Day hopes his study also might lead to better protocols around when health-care workers should take a short break from wearing an N95, “or may even drive innovation in mask design. Our data and other published reports might help lead to better technological advances.”

Day is recruiting adults aged 18 to 55 with no underlying health conditions to participate in the study as lay persons with surgical masks. He expects to have results by early spring.

Advancing trust in science

Professor Brett McCollum, PhD, in an Active Learning Classroom at Mount Royal's Riddell Library and Learning Centre.

Professor Brett McCollum, PhD, is one of only 10 post-secondary teachers from across the country to receive the Council of 3M National Teaching Fellows in 2019.

Despite some public controversy around wearing masks, faith in science in general has seen a boost since the COVID-19 pandemic reached Canada, according to a global survey. Chemistry professor Brett McCollum, PhD, has been working with 3M Canada as a 3M National Teaching Fellow to help advance the cause of science and science education in Canada.

Annually, 3M collects global data on how people understand science and how it affects their lives. McCollum notes that in the previous few years, Canadians’ trust in science and scientists was falling.

“The pandemic has reversed that trend. Skepticism in science has declined significantly, and the willingness to stand up for science in a discussion with others has gone up,” he explains, referring to the 3M survey.

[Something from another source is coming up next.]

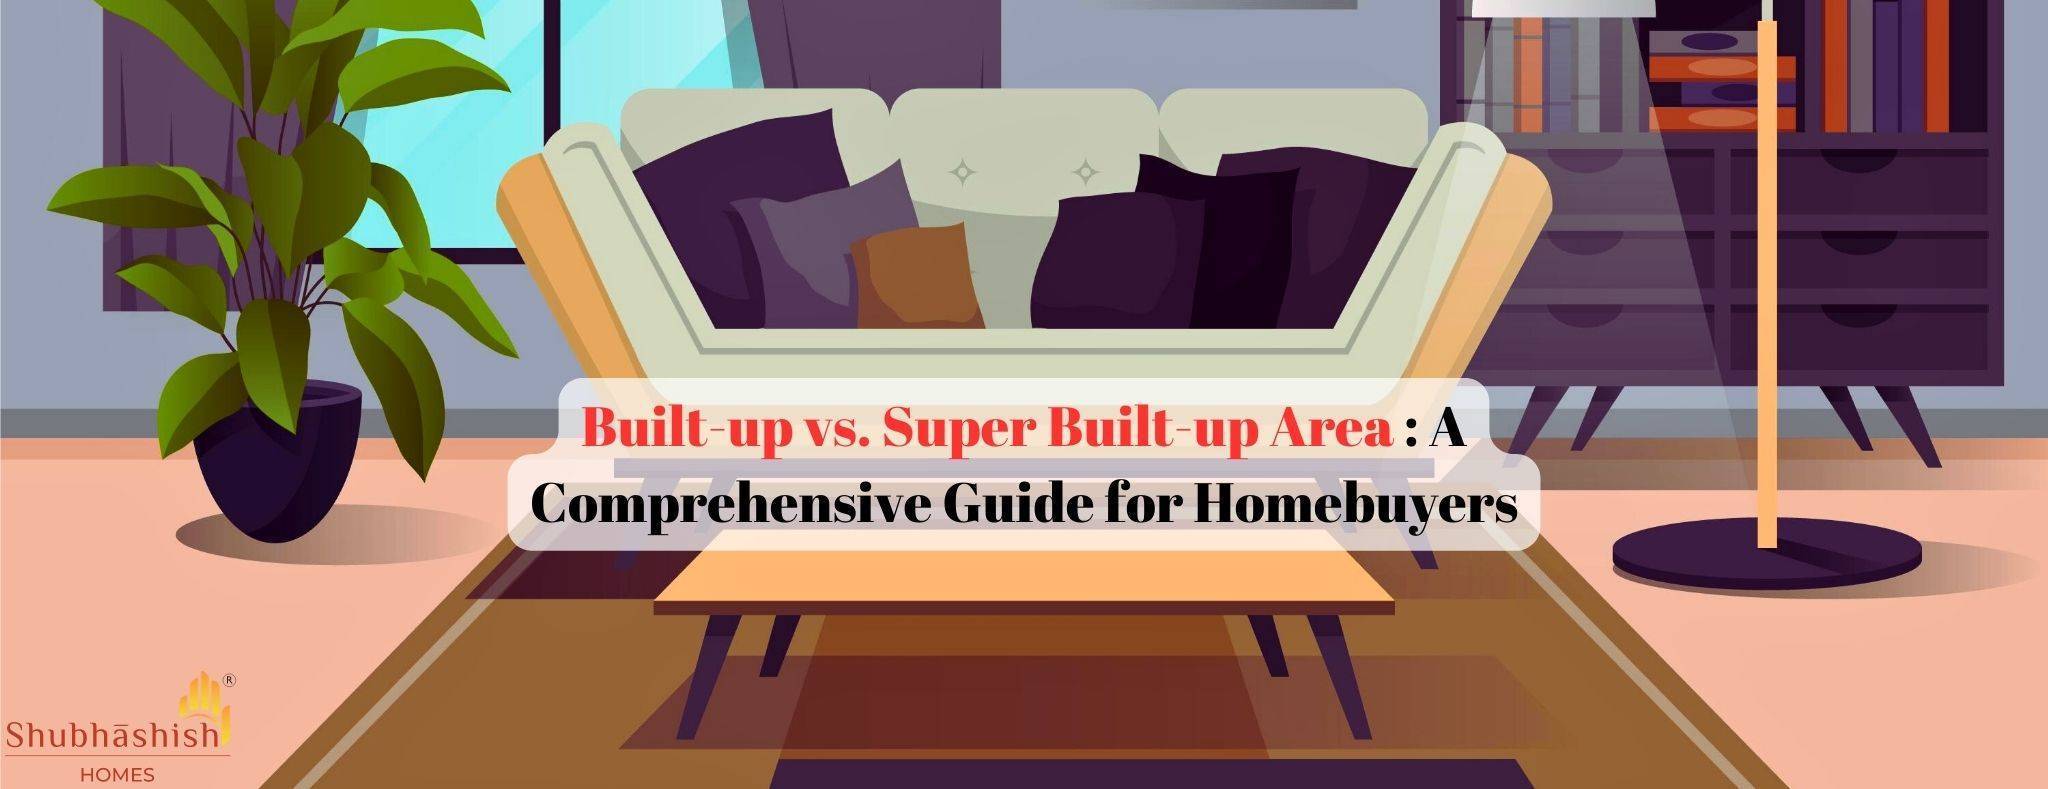 Built-up vs. Super Built-up Area: A Comprehensive Guide for Homebuyers

“Those are great markers to show that Canadians understand that in the midst of a pandemic, science is going to play an incredibly important role in helping to solve our global crisis and to support our communities in being able to move toward a hopefully more normal life that we once experienced not that long ago.”

Pre-pandemic attitudes among Canadians were measured in autumn 2019. The positive turnaround was identified when attitudes were measured again in July and August 2020. Findings are shared in the 2020 3M State of Science Index.

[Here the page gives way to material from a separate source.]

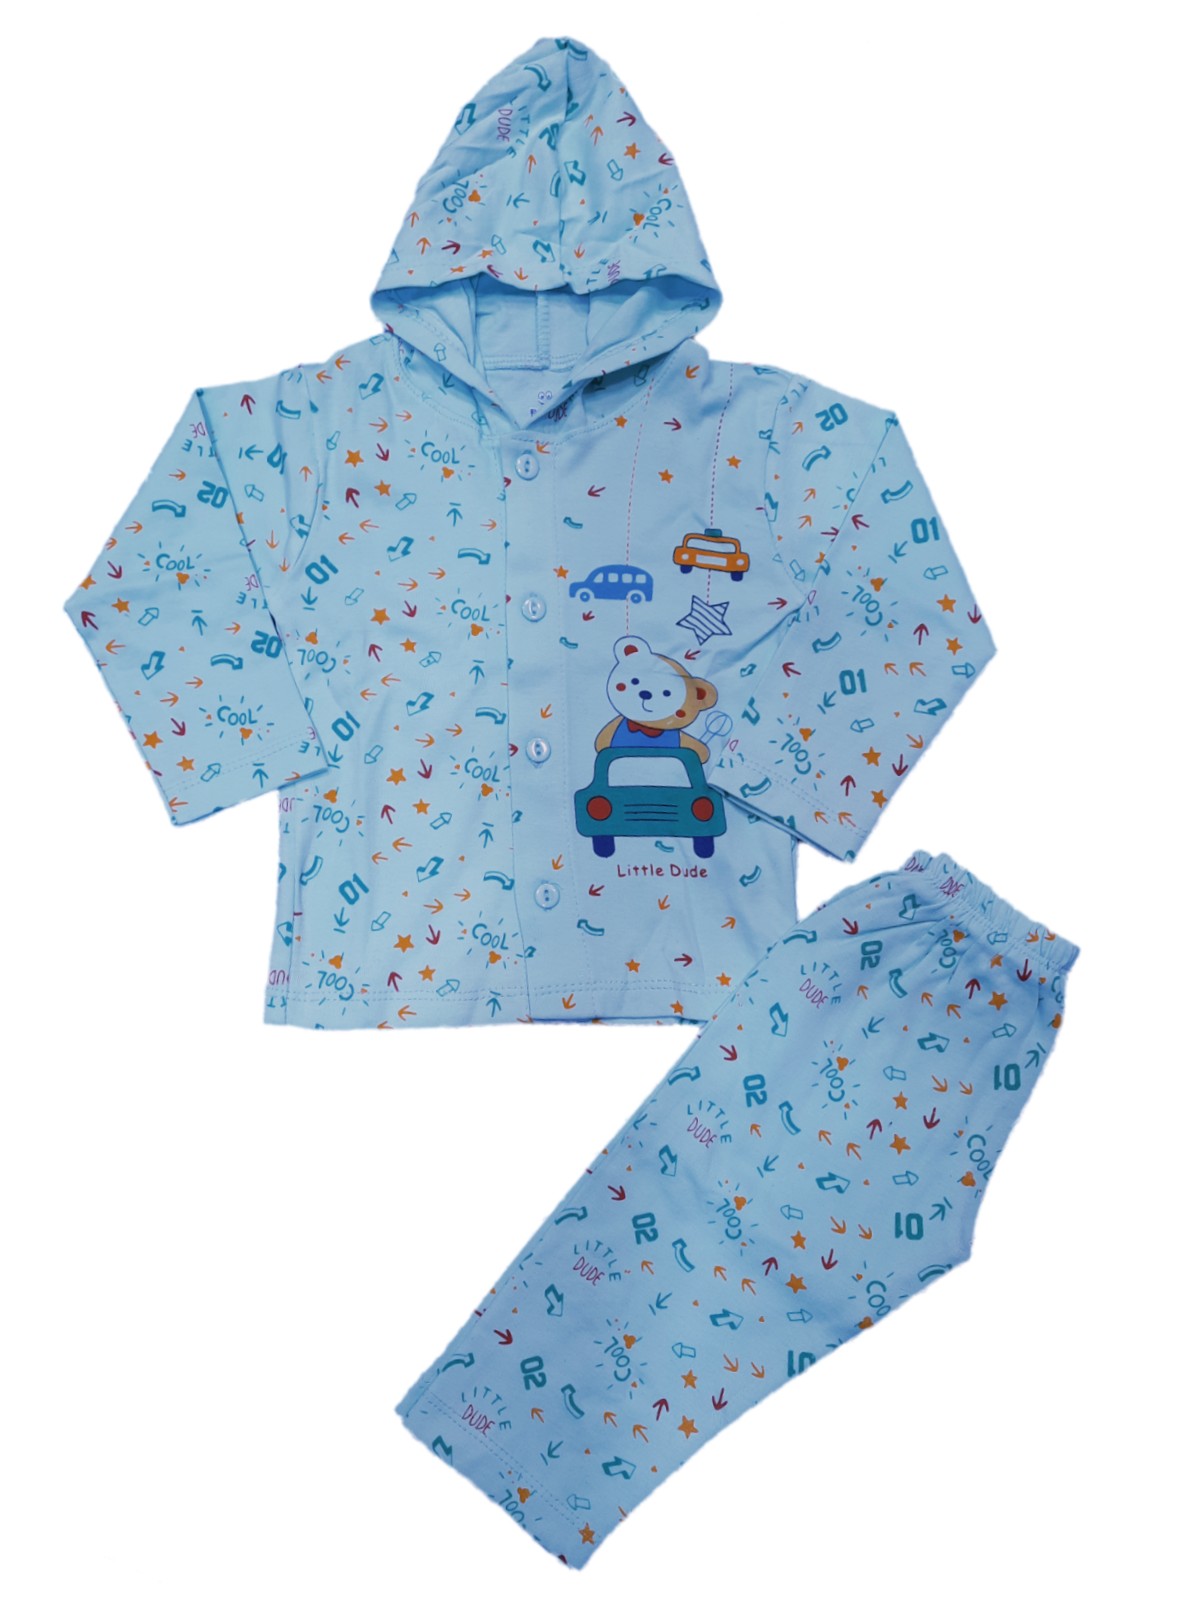 New Born Infant Payjama Set -D2151-1

McCollum says in general some people are skeptical about changes in public health policy — or have missed hearing about it.

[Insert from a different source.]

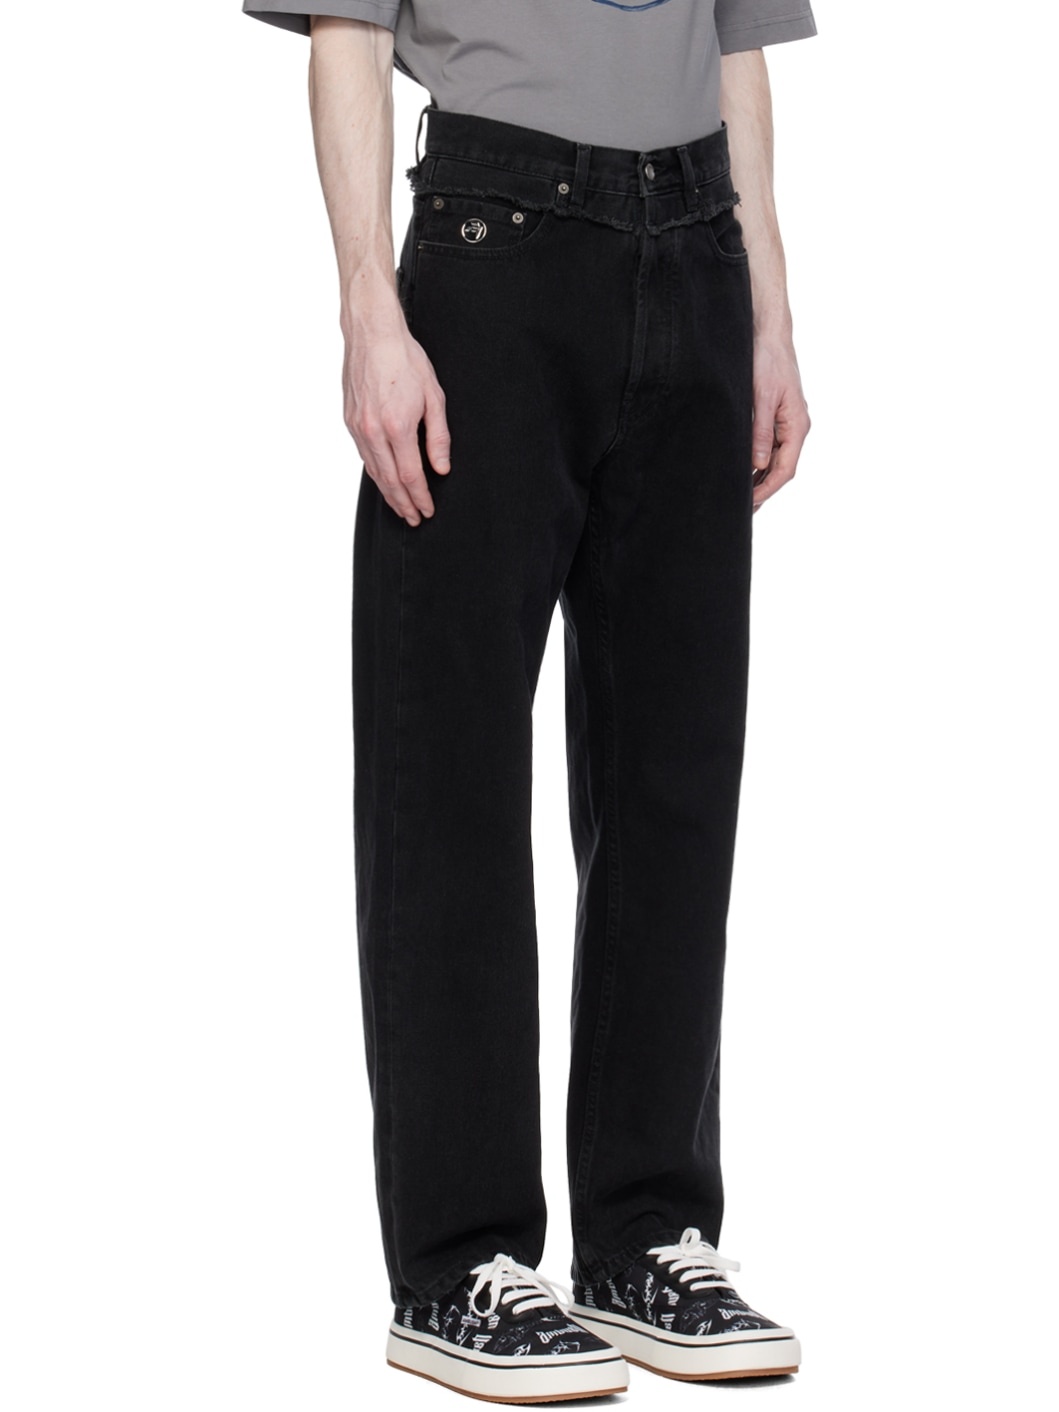 Black Waist Detail Jeans - 2

“Not everyone is reading the newspaper in the morning, not everyone is listening to the radio, particularly when they’re not driving to work in the morning,” he points out.

“People are gathering their information from different sites and if the information that is informing public policy is evolving throughout the pandemic, sometimes people in their family and social units are still following public policy based on evidence that we had back in March.”

That has contributed to difficulties in getting people to understand the evidence behind mask-wearing and other public policy guidelines.

“The challenge is, you have that combination of science, public policy and politics. It’s not that the facts about COVID have changed — we have collected more facts,” McCollum notes. “And so learning more about the disease and its spread, its vectors for transmission, informs that public policy — but how do you communicate that public policy out to people, particularly in an environment where traditional media has changed? It really is dependent on trust in the scientists and the method of informing public policy from our understanding of the disease.”